I'm trying to overload some methods of the string builtin.
I know there is no really legitimate use-case for this, but the behavior still bugs me so I would like to get an explanation of what is happening here:
Using Python2, and the forbiddenfruit
module.
>>> from forbiddenfruit import curse
>>> curse(str, '__repr__', lambda self:'bar')
>>> 'foo'
'foo'
>>> 'foo'.__repr__()
'bar'
As you can see, the __repr__
function as been successfully overloaded, but isn't actually called when when we ask for a representation.
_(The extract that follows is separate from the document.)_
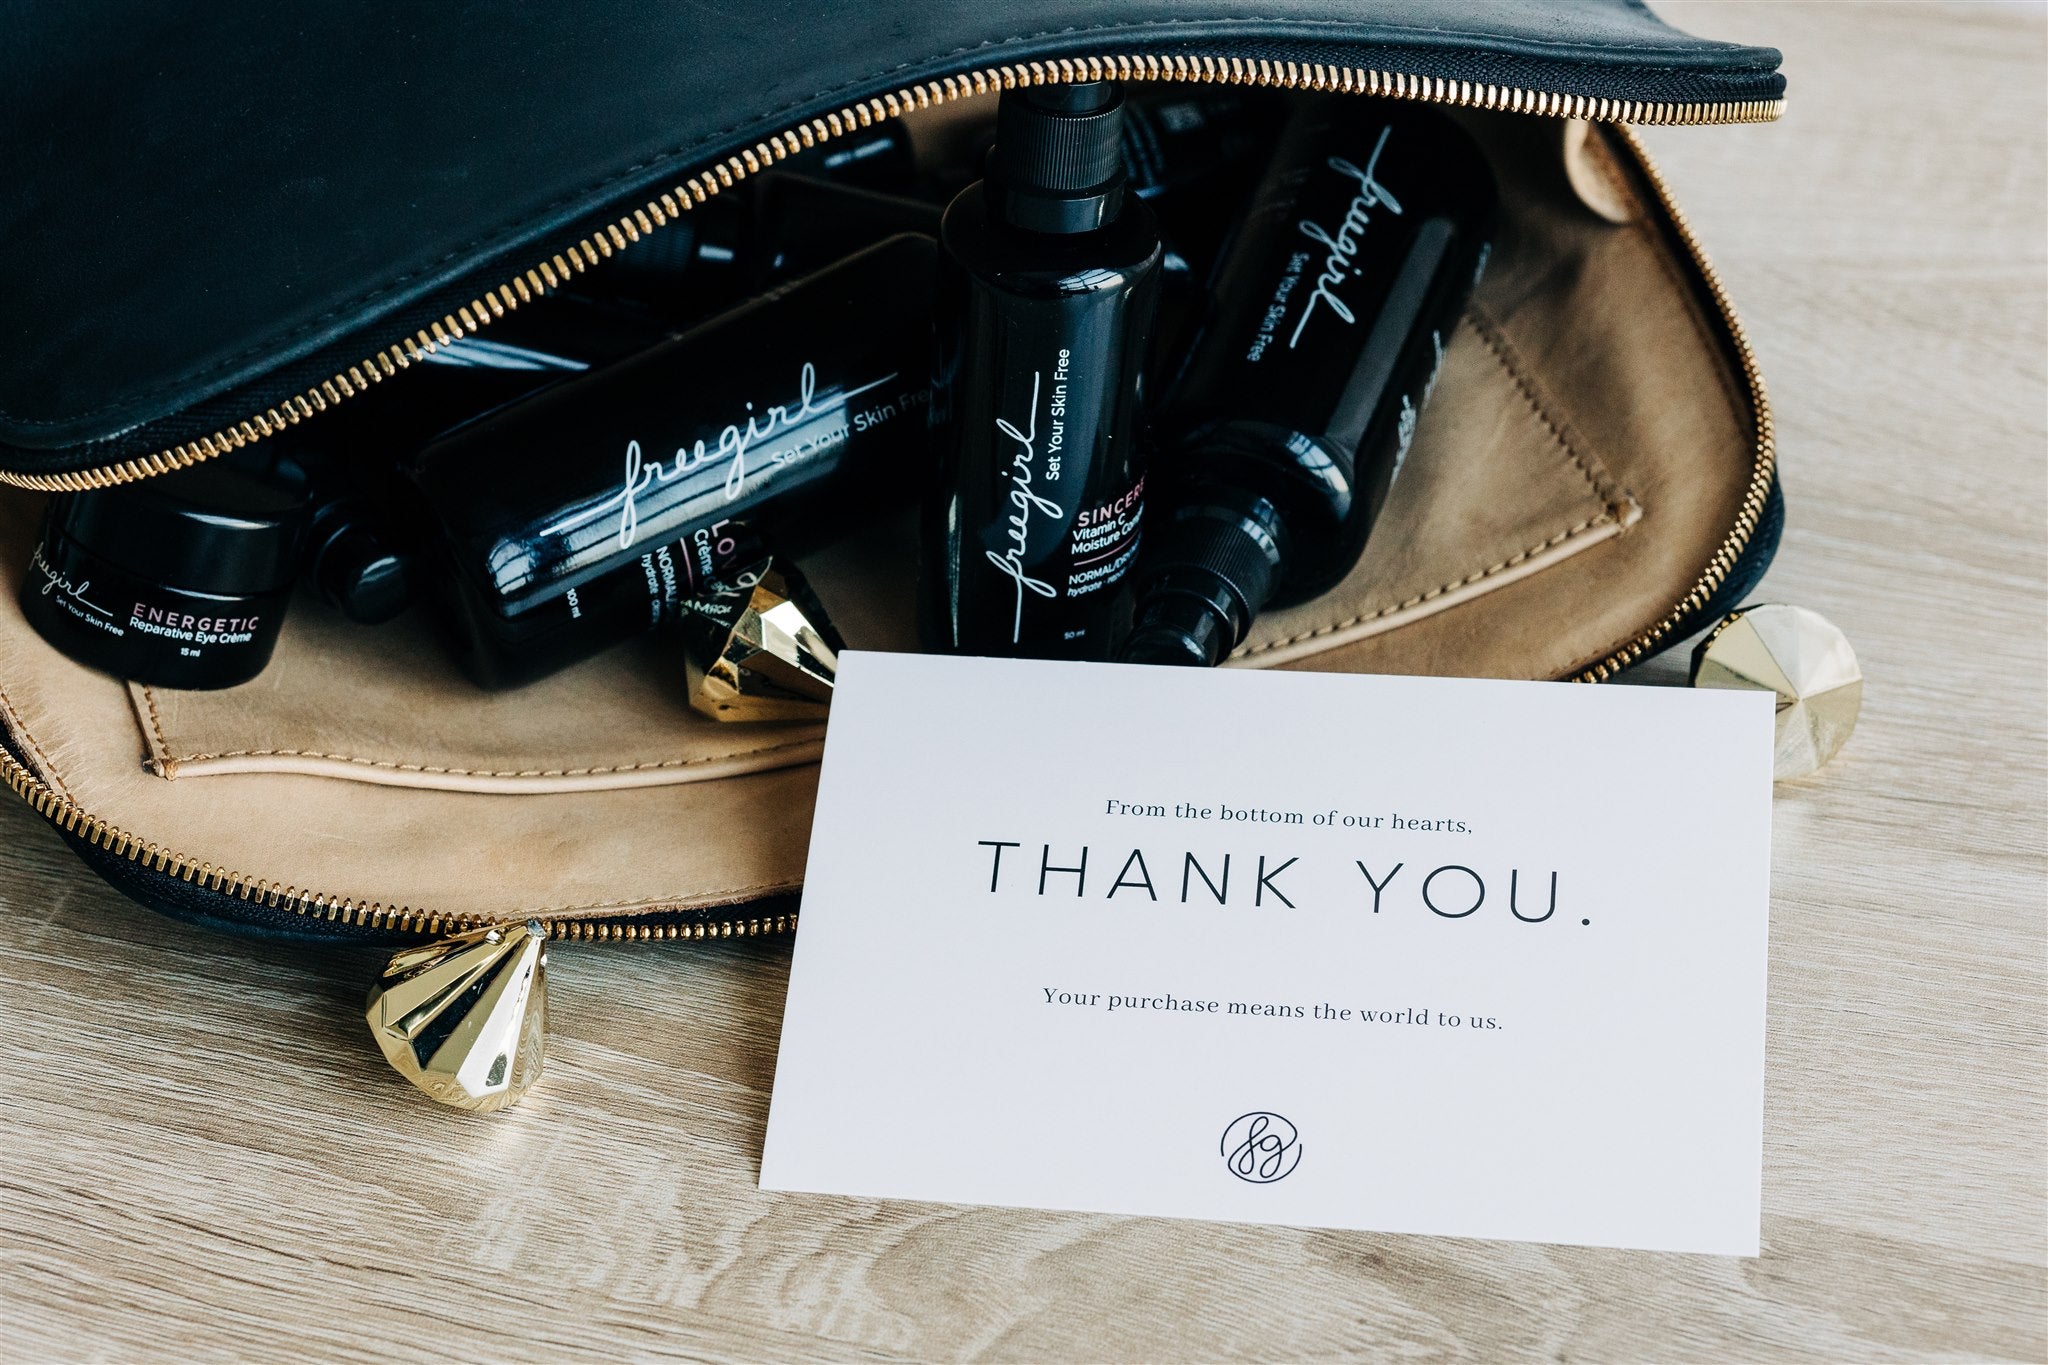 Thank you card with freegirl skincare

Why is that?
Then, how would you do to get the expected behaviour:
>>> 'foo'
'bar'
There is no constraint about setting up a custom environment, if rebuilding python is what it takes, so be it, but I really don't know where to start, and I still hope there is a easier way :)
The first thing to note is that whatever forbiddenfruit
is doing, it's not affecting repr
at all. This isn't a special case for str
, it just doesn't work like that:
import forbiddenfruit
class X:
repr = None
repr(X())
#>>> '<X object at 0x7f907acf4c18>'
forbiddenfruit.curse(X, "__repr__", lambda self: "I am X")
repr(X())
#>>> '<X object at 0x7f907acf4c50>'
X().__repr__()
#>>> 'I am X'
X.__repr__ = X.__repr__
repr(X())
#>>> 'I am X'
I recently found a much simpler way of doing what forbiddenfruit
does thanks to a post by HYRY:
import gc
underlying_dict = gc.get_referents(str.__dict__)[0]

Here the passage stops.